I'm aware of transpilers like traceur that can do this transformation, but I'm afraid that this won't work with tsc well: if I write yiled* in a ts file, vs2015 will complain about the syntax, tsc will simply fail and traceur won't be able to do much due to ts-specific type annotations.

basarat commented 9 years ago

I'm aware of transpilers like traceur that can do this transformation, but I'm afraid that this won't work with tsc well: if I write yiled* in a ts file, vs2015 will complain about the syntax, tsc will simply fail and traceur won't be able to do much due to ts-specific type annotations.

You can compile with --target es6 to strip out annotations and then pass it through to traceur / others.

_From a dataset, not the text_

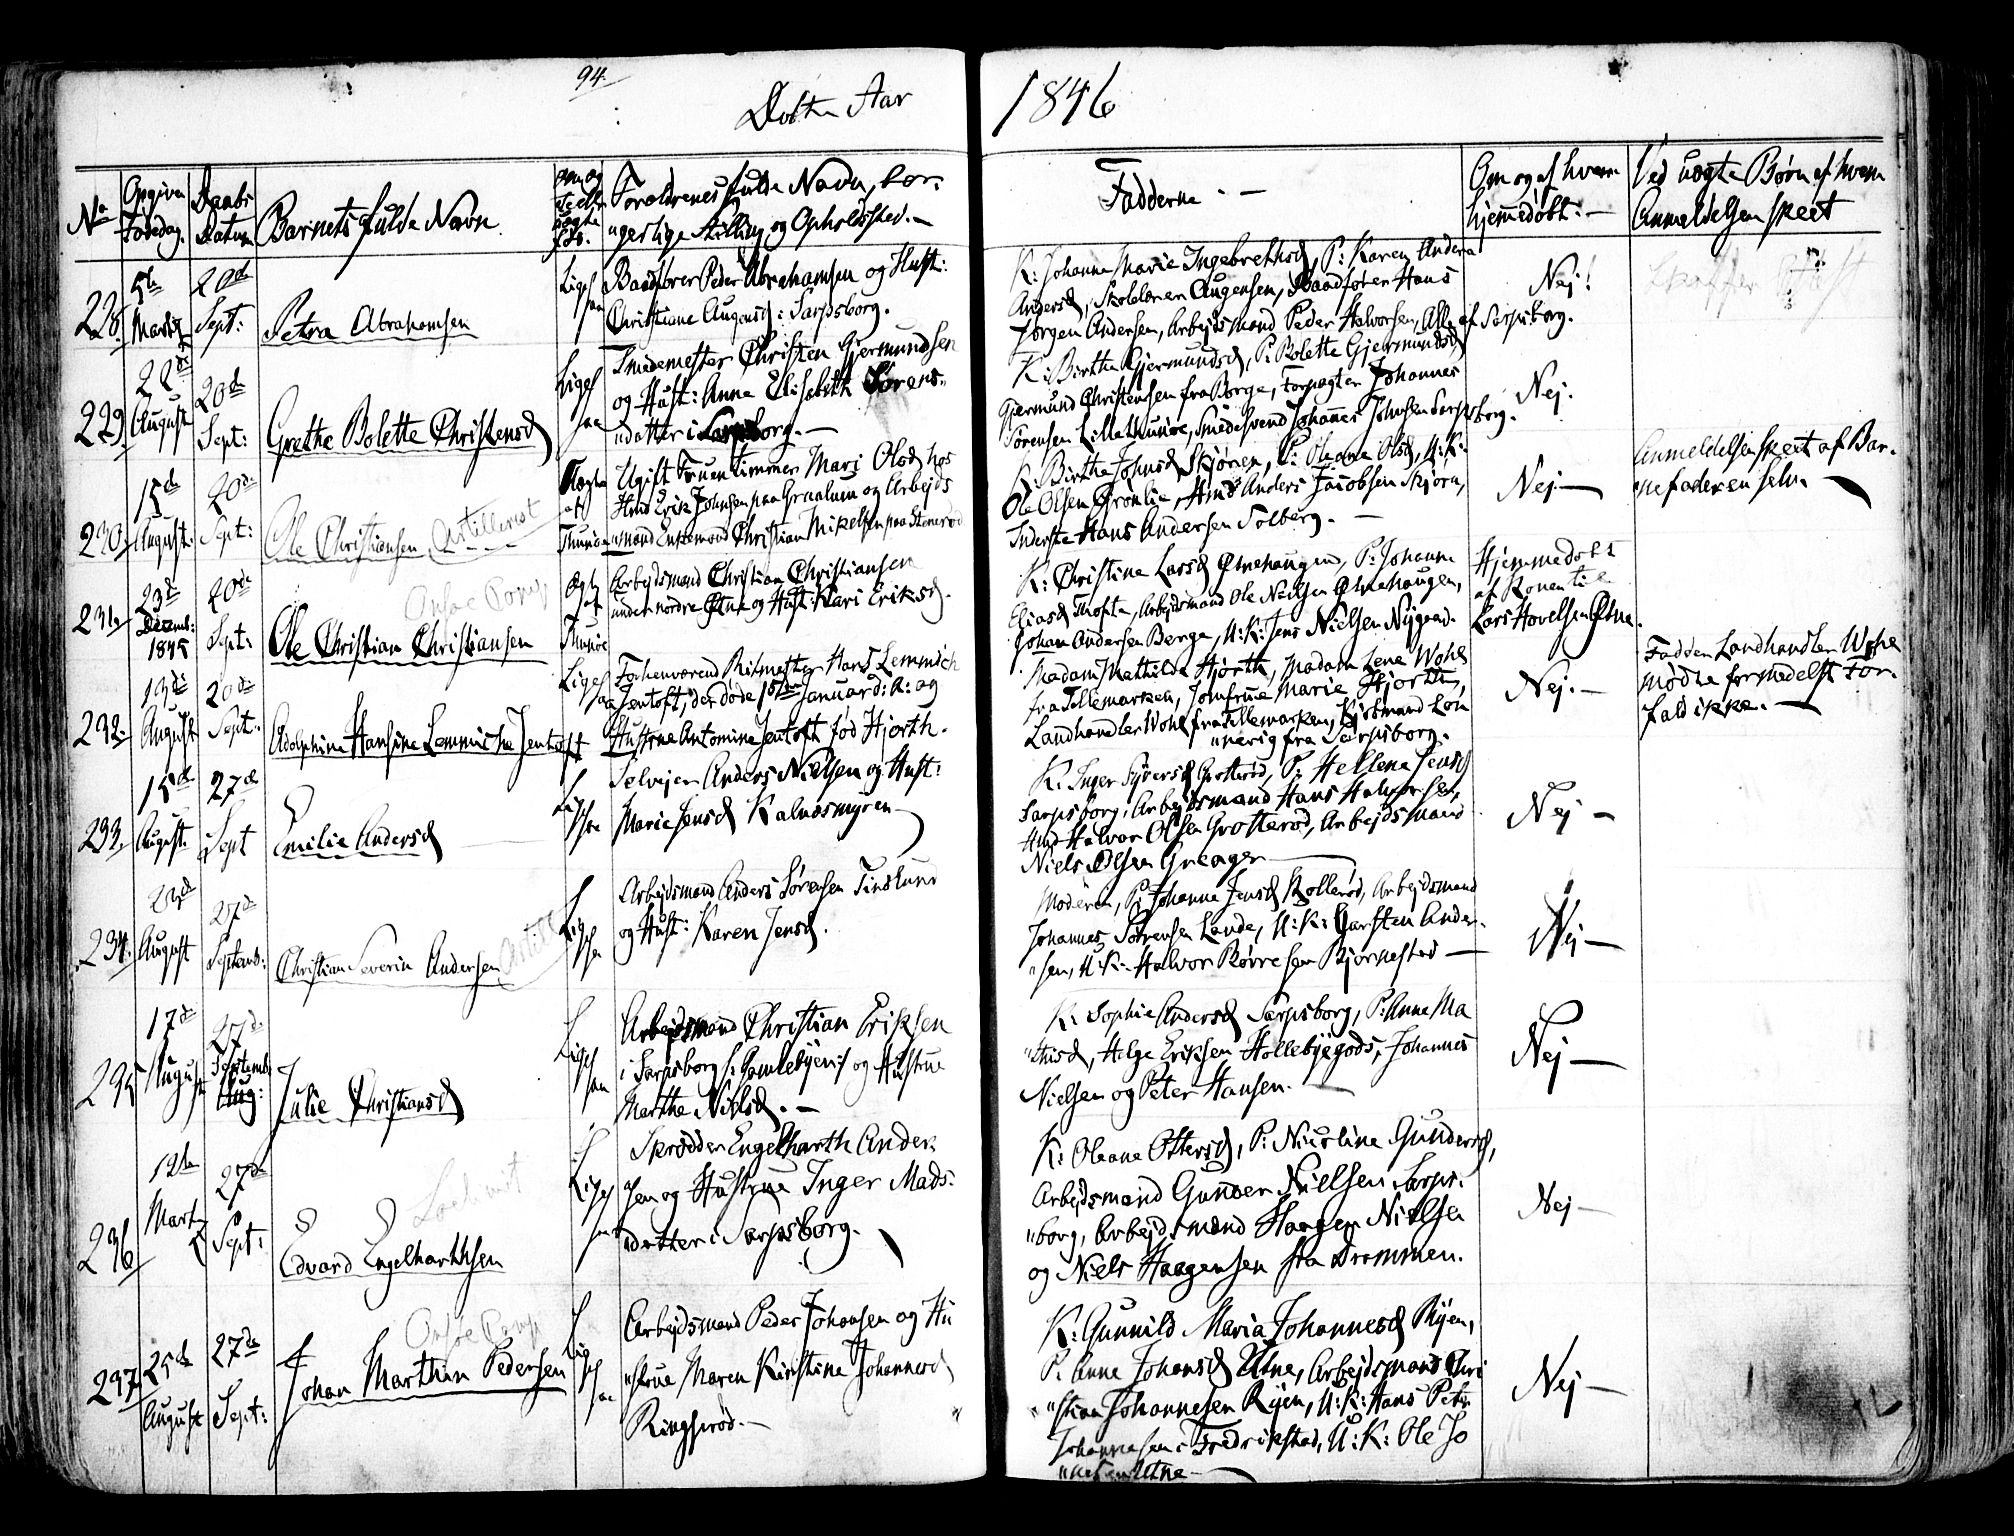 SAO, Tune prestekontor Kirkebøker, F/Fa/L0009: Ministerialbok nr. 9, 1842-1846, s. 94

So what's the reason for not supporting es6 generators when targeting es5

Just work that needs to be done. It will come with release 1.6 :https://github.com/Microsoft/TypeScript/issues/1664

d180cf commented 9 years ago

Will I lose the ability to debug the original .ts files via source maps? Theoretically a tool like traceur could take into account a preexisting source map and generate a composition of source maps, but I have a doubt that traceur is this advanced.

Just work that needs to be done. It will come with release 1.6

Thanks. This answers my question.

DanielRosenwasser commented 9 years ago

To be clear, targeting ES6 with async will be supported in 1.6. Not downlevel support.

My understanding is that the work required is understood (#1781), but the team is still weighing the complexity/gain tradeoff.

danquirk commented 9 years ago

As mentioned, this is on the table, we just haven't done/committed to it yet.

oliverjanik commented 8 years ago

Will this be implemented? why is this issue closed?

mhegazy commented 8 years ago

Please note, this is gated on https://github.com/Microsoft/TypeScript/issues/5595

kuudihxquuwhxq commented 8 years ago

Any progress on this? #5595 has been resolved.

RyanCavanaugh commented 8 years ago

Downlevel generator support has been declined due to excessive complexity and inability to achieve 100% feature parity. Notes at #10307

kuudihxquuwhxq commented 8 years ago

For anyone looking for a solution, here is how I solved it.

I set target: "es6" in tsconfig compilerOptions. This is all I do for dev, it works fine for me in chrome 52, but I needed to set module: "commonjs" as well because chrome complained about import statements. Then for production I just pass the output through babel.

For example I'm using webpack so my webpack.config.js looks like this:

const typescript_loader = process.env.NODE_ENV === 'production' ?
  'babel-loader?presets[]=es2015!ts-loader' :
  'ts-loader';

// lines omitted

  module: {
    loaders: [
      // other loaders
      { test: /\.tsx?$/, loader: typescript_loader },
    ],
    preloaders: { ... },
  }

// rest omitted
jonaskello commented 8 years ago

This was sad news for the part of react/redux community that have adopted redux-saga for side-effect where generator functions are essential.

@nhjk I think regenerator is a more lightweight work-around.

kdalgaard commented 8 years ago

Very sad, indeed...

@jonaskello Do you have an example of how you use regenerator with Webpack to support redux-saga?

jonaskello commented 8 years ago

@kdalgaard Sorry, I have no examples for webpack close. However I know this starter is using regenerator with jspm. Maybe you can have a look and do the same for webpack.

tomitrescak commented 7 years ago

If async await landed in TS 2.1, and these are using generators, how come that generators are not possible to include? Thanks!